I’ve already quit other Bezos properties. I unsubscribed from the Washington Post a few tiresome controversies ago. This time around, when Bezos indicated that he’d be inserting himself, pink penis of a man that he is, into newsroom operations more often, I regretted that I did not have another subscription to cancel. When I read the Washington Post, I do so through one of those archiving sites that enables me to avoid the paywall.
I try not to go to Whole Foods. There are better options. On the rare occasion that I shop at Whole Foods, I never buy the white label-store branded items, even though, in classic Amazonian fashion, they are often much cheaper than other brands the store stocks. I don’t use my prime code at check out. The meager discounts the service offers are not worth the data that I would be providing them. (Please send my humanitarian award to my parents’ house.)
I clown on Jeff Bezos. I thought Jeff Bezos was incredibly uncool before it was cool to talk about how uncool he is. I point out that Bezos is an ugly, pathetic nerd who is engaged to a ghoulish-looking cautionary tale against getting too much done to your face, and that his ex-wife MacKenzie Scott is the only good billionaire at every opportunity. I made a whole video about what a doofus he is.
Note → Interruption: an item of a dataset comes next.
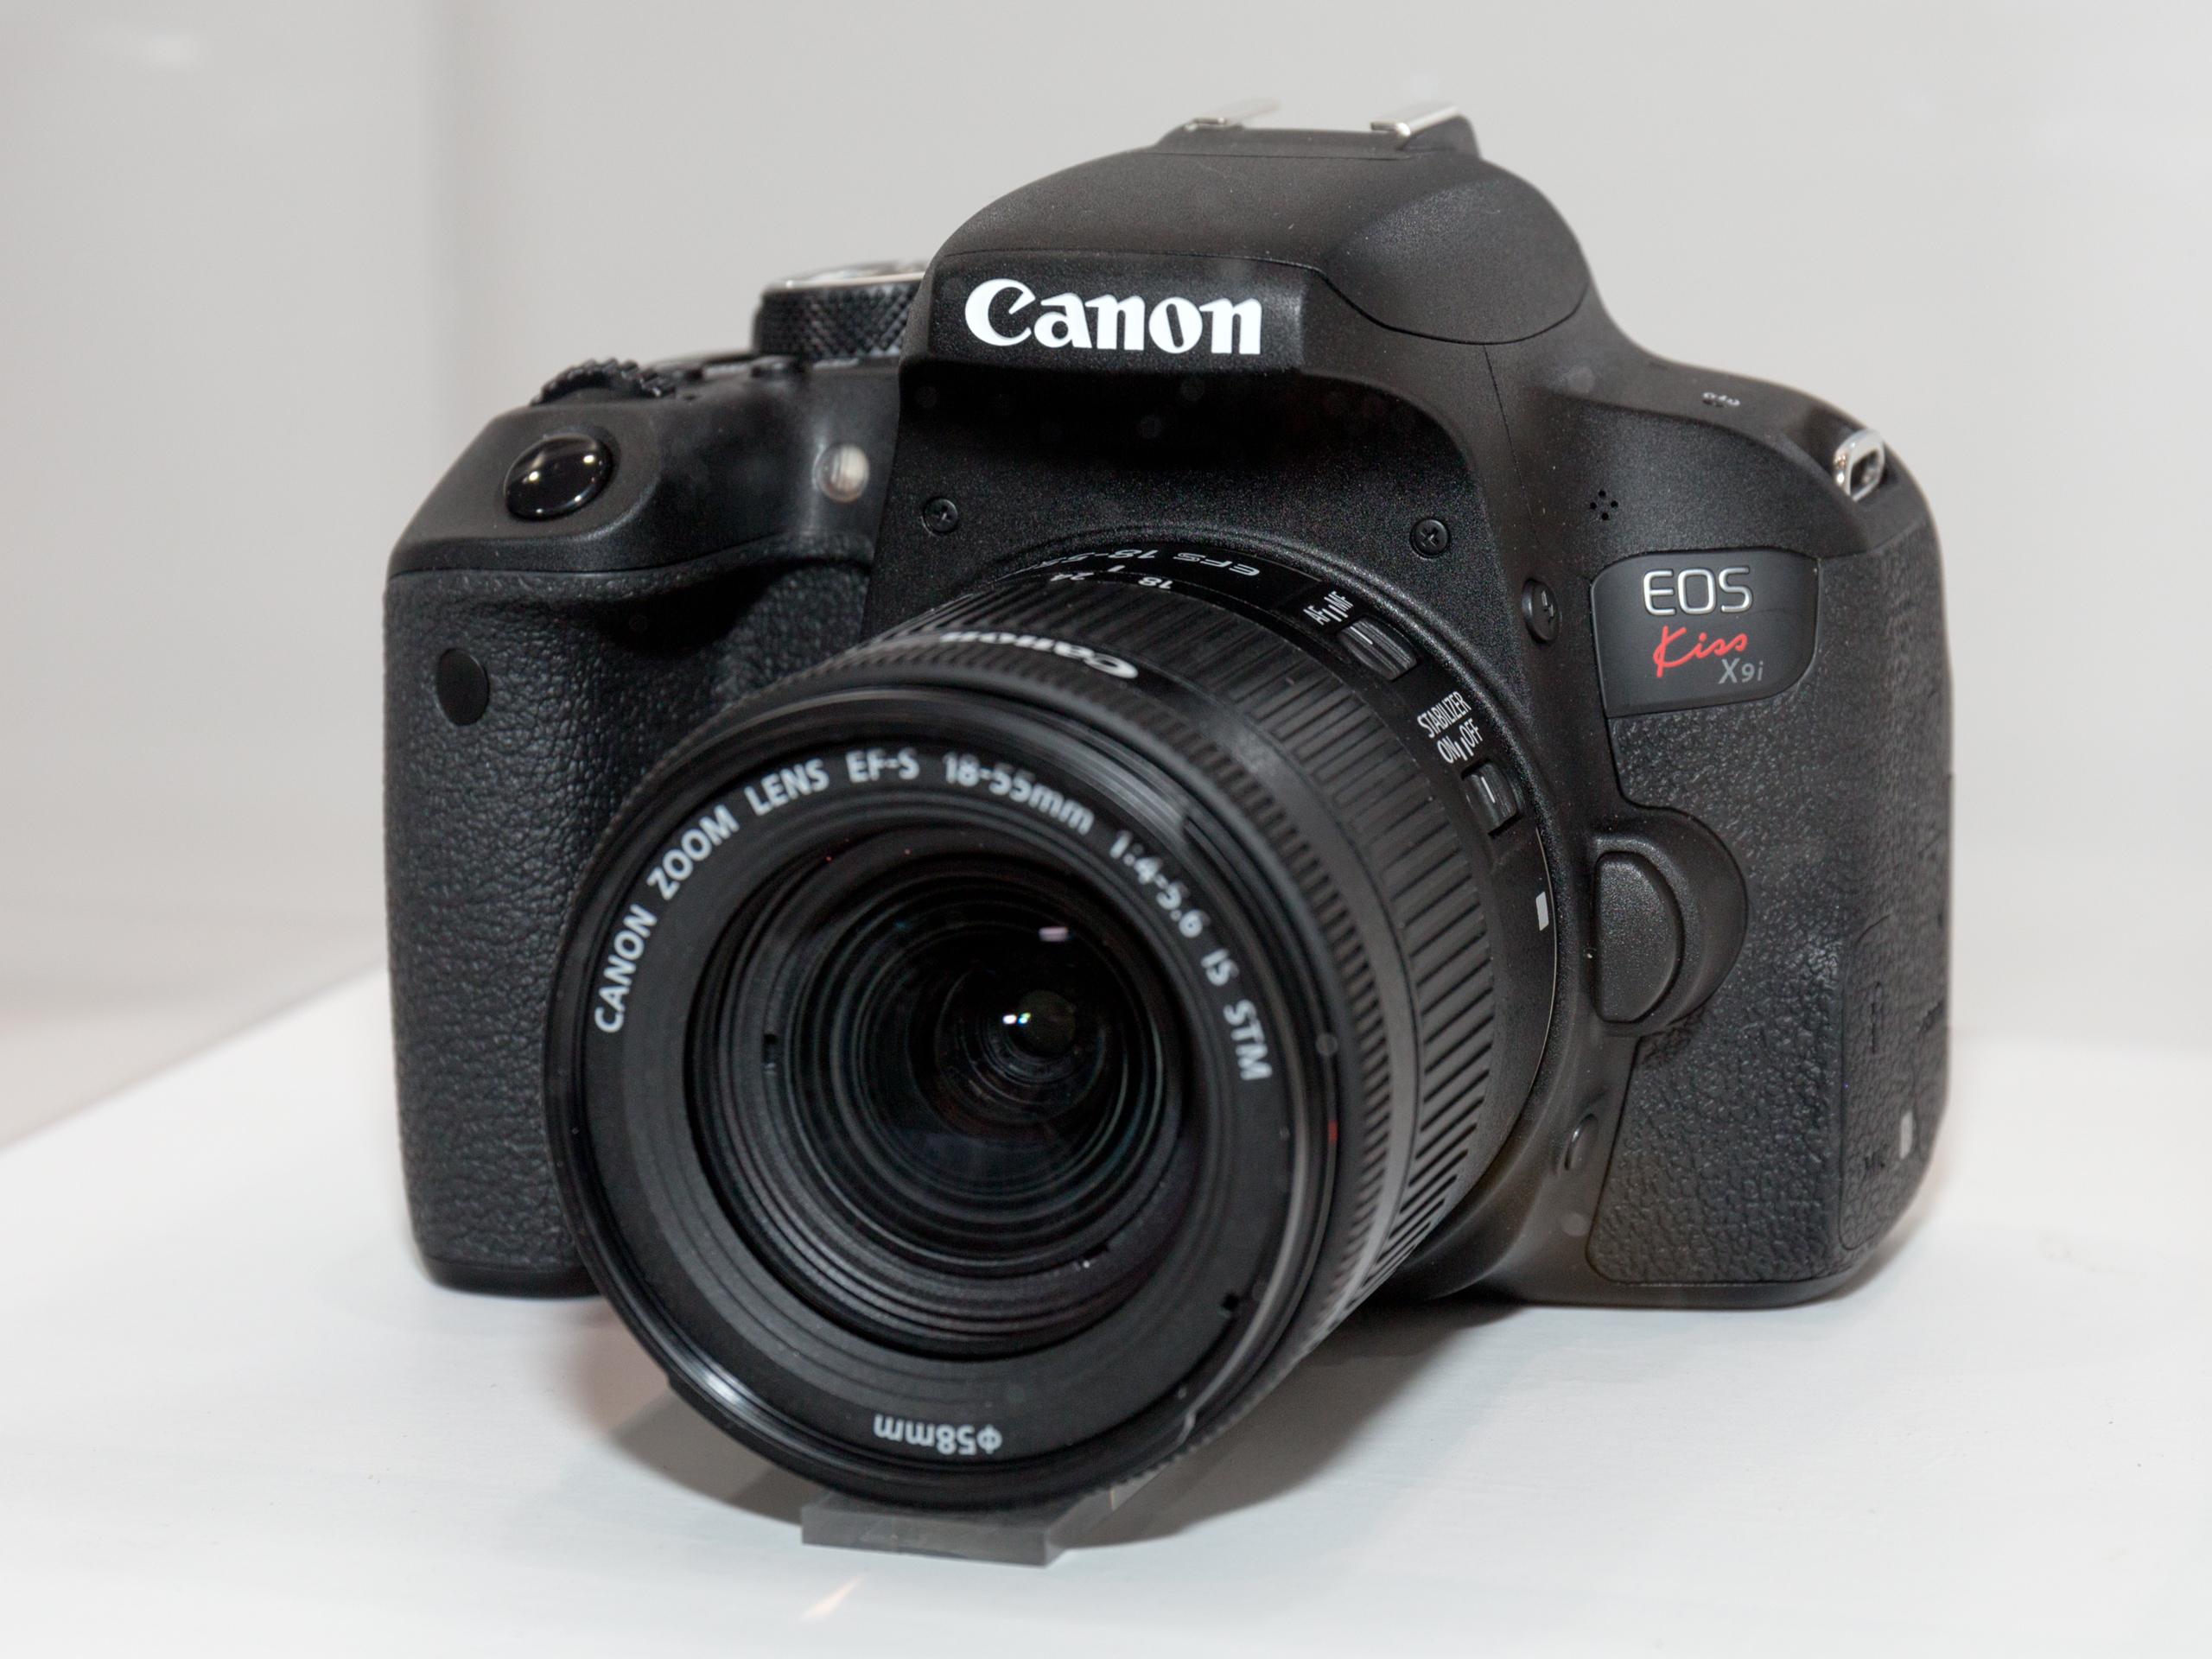 Canon EOS 800D - Wikipedia

But Amazon. As a media exec giving notes might say, I’m bumping on Amazon. Quitting Amazon is literally among the simplest actions I possibly could to stop my own family’s participation in an exploitative treadmill that prioritizes consumer convenience over employees’ human rights. And yet I’m having trouble pulling the trigger. And all of my excuses for my hesitation are bad excuses, except for the one where I will lose access to dozens of movies I paid for if I can’t stream through Prime anymore. Where would I find episodes of Pee Wee’s Playhouse for my three year old when I need her to truly lock in and let me accomplish something around the house? Where then.
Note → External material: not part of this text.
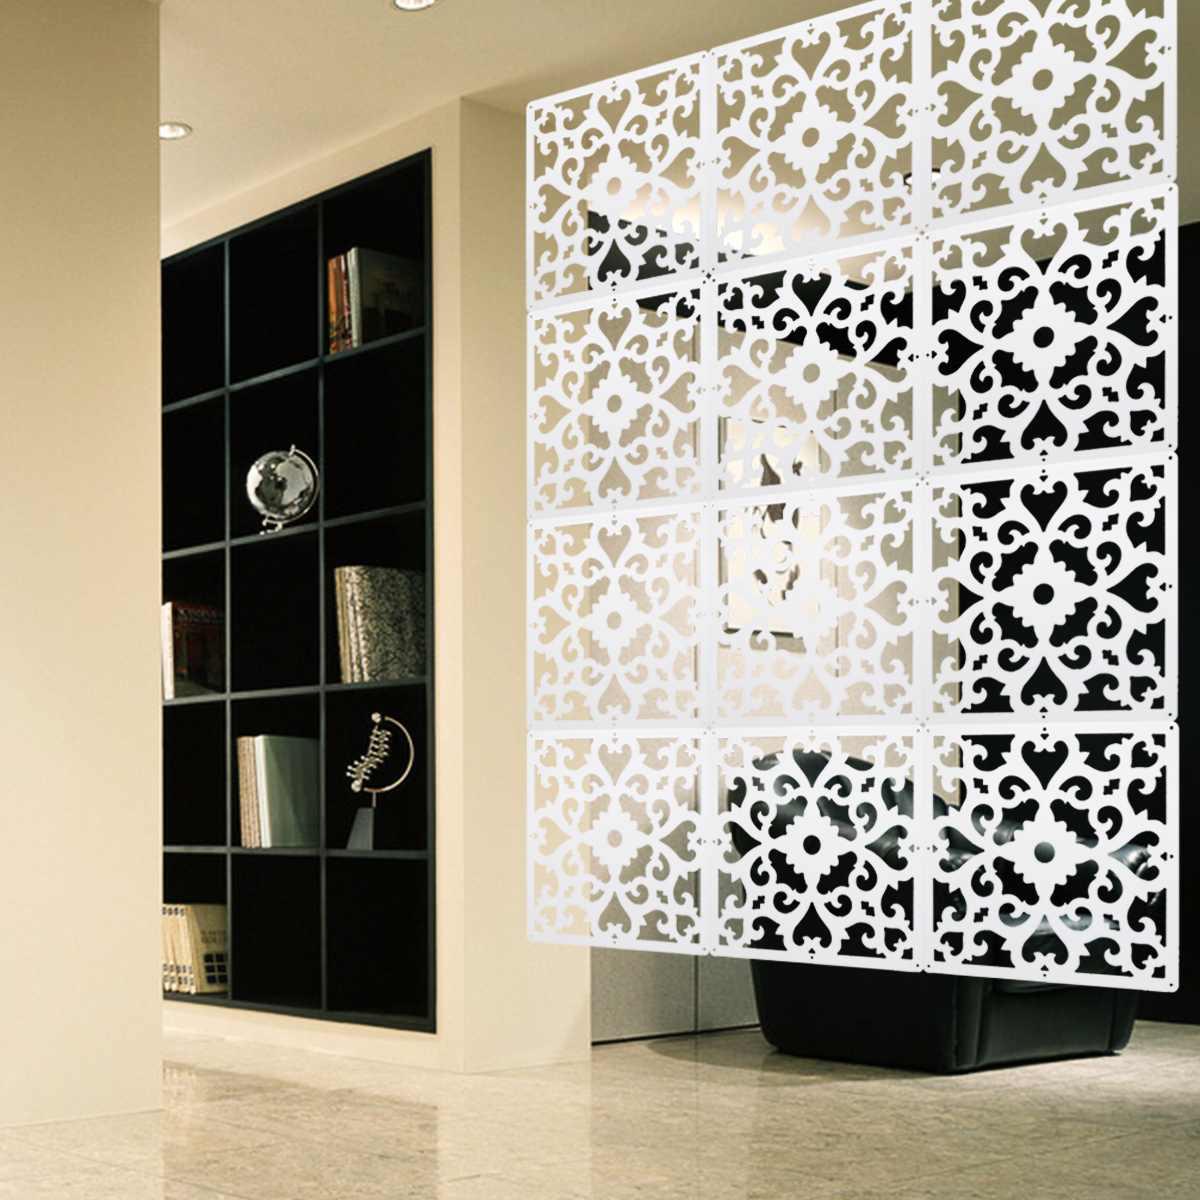 Cloison murale diviseur d'écran de pièce 12 Pcs/Lot panneaux de rideau en PVC écrans de séparation espace sculpté Division décoration de la maison artisanat

On the other hand: it’s not like Pee Wee’s catalogue will vanish when I click the “cancel” button. Physical media exists and, unlike streaming media, cannot be altered by studios or distributors or streamers after a consumer has purchased it.
I could give some books away to make room for the complete 30 Rock DVD set— if I can figure out where to purchase physical media without Amazon. Why can’t we go back to having those enormous CD/DVD towers like people used to have in the nineties and noughties? The sound of a waterfall of CD jewel cases cascading to the ground as one of those things tips too far to one side is as fresh in my mind as if I’d heard it just yesterday. I could go back to the way things were. Right?
I’m plotting out my Amazon breakup like I’d plot out any other breakup. I’ve made a list of pros and cons. The cons have won. I’ve consulted experts. The experts are like, do it, you idiot. I’ve taken a casual look at what else is out there, and it turns out that what else is out there is my local hardware store and exotic off-the-beaten path stores such as Walgreen’s. Or Target.
Except wait: we’re not supposed to be going to Target anymore, either.
Wal-Mart it is!
Oh wait.
CVS is neutral and they ship for free over $35. It usually comes next day.
This is so timely for me. I decided about a month ago that I wanted to be done with Amazon. Of course it is nearly unthinkable to quit Amazon these days and I wasn't sure I could do it. I decided to do a one month trial, like a fast. No Amazon for the month of March. I deleted the app. And you know what, I was shocked to find out it wasn't as hard as I expected. Generally I think I bought less stuff. And I allowed myself to still go to Target and Home Depot even though they are also Evil because it's a process. At the end of March, my husband had to buy something on Amazon because he couldn't find it anywhere else. I went to the local Ace Hardware to look for it, but couldn't find it there or on their website. We decided that moving forward we are going to cancel Prime and do our best to shop local. But if there is a rare case where we can't find anything else except on Amazon, we will buy it. The exercise really makes you think harder about your purchases in general. I would love more community input on where people are shopping as an alternative. It's great if you live in a city that has thriving local businesses, but in the suburbs the pickings are slim.